Source data:
_ _ _

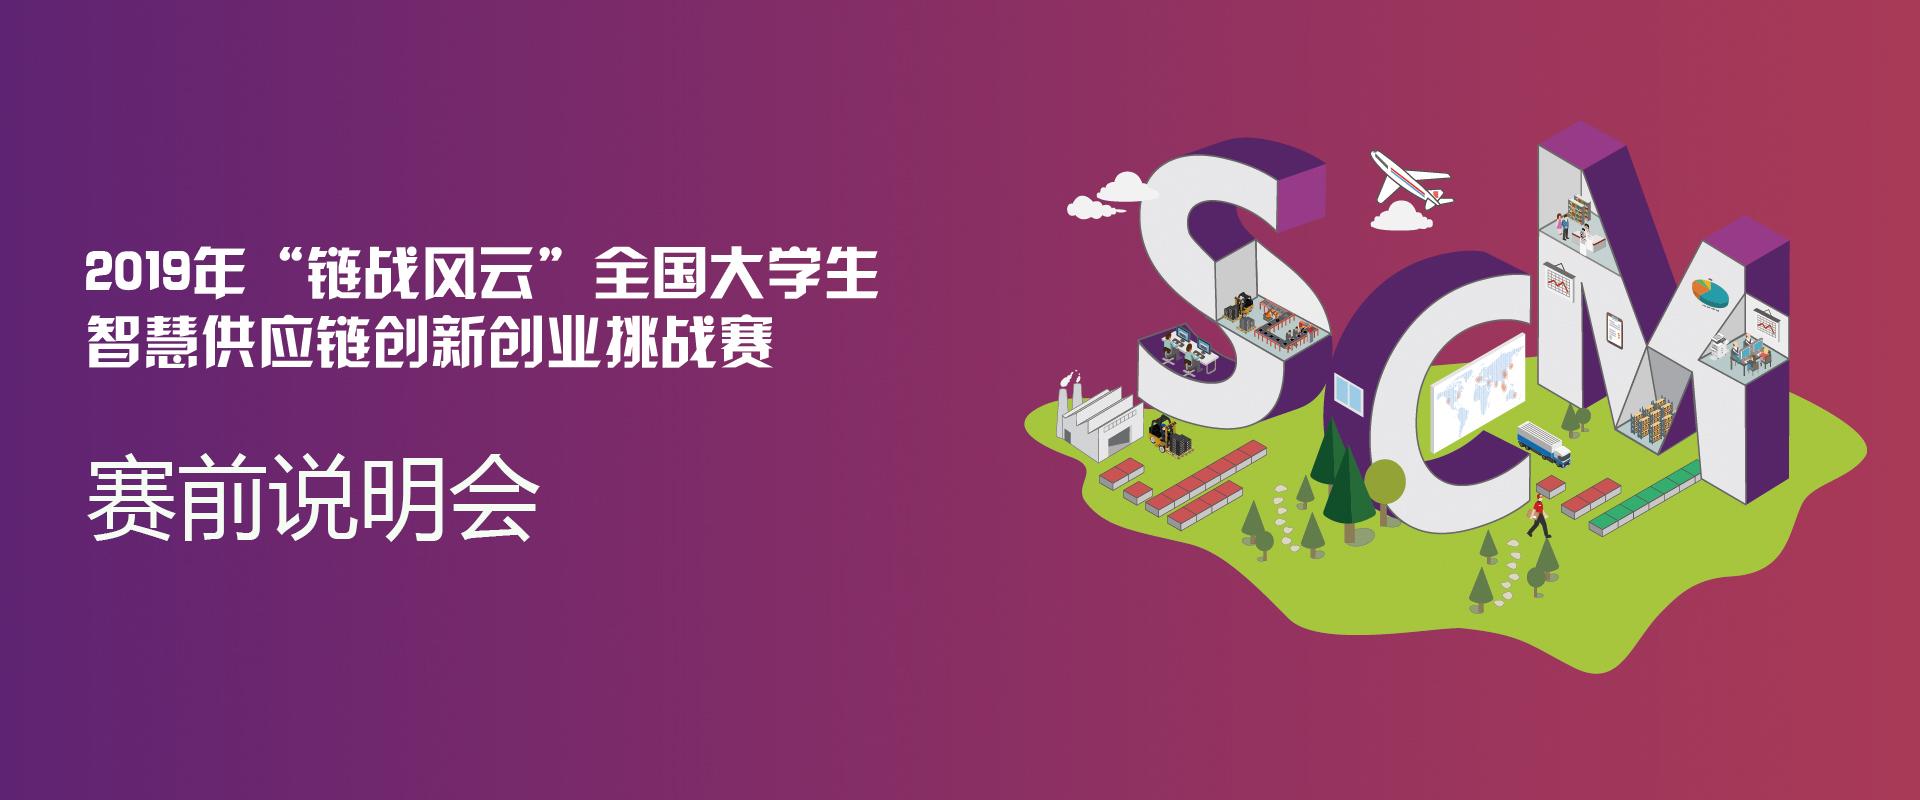 2019链战风云全国大学生智慧供应链创新创业挑战赛(高职组)
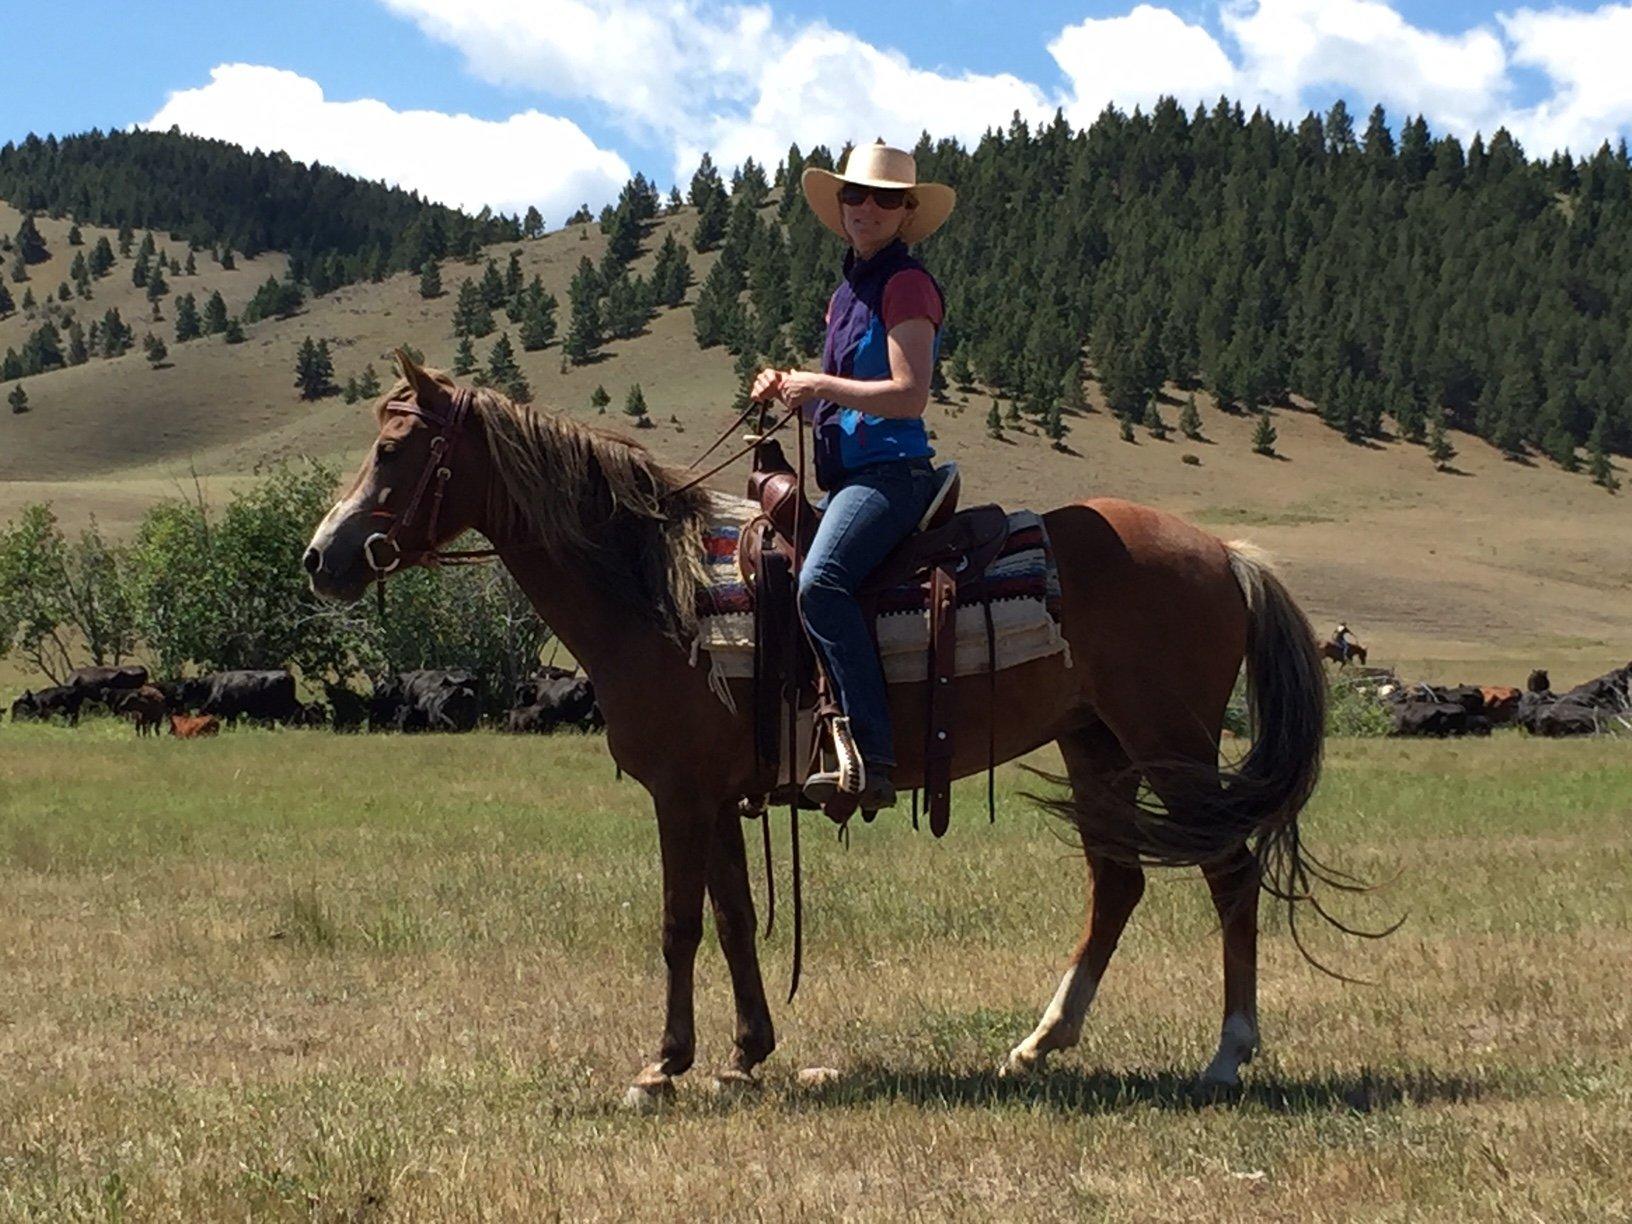 Local Granite County purveyor Katie Radtke of Kate's Honey rides one of her Welsh ponies
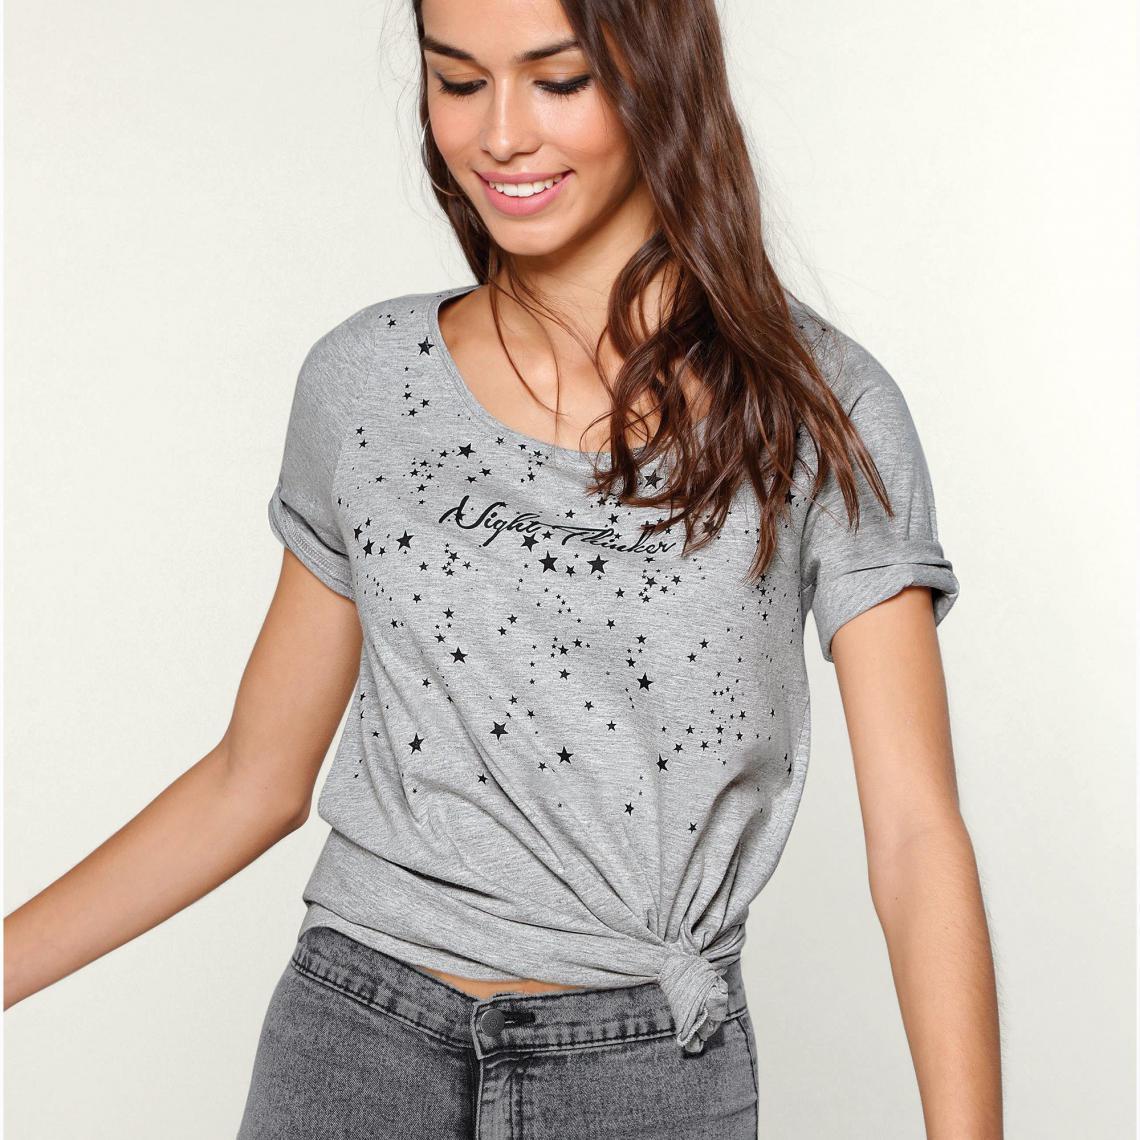 Tee-shirt imprimé manches aux coudes femme Exclusivité 3SUISSES - gris  chiné 3 SUISSES Femme cb94637c114

_ _ _

What the task asks: Could you print the data exactly as it appears and keep the pictures out?

Solution to the problem:
 2019链战风云全国大学生智慧供应链创新创业挑战赛(高职组)
 Local Granite County purveyor Katie Radtke of Kate's Honey rides one of her Welsh ponies
 Tee-shirt imprimé manches aux coudes femme Exclusivité 3SUISSES - gris  chiné 3 SUISSES Femme cb94637c114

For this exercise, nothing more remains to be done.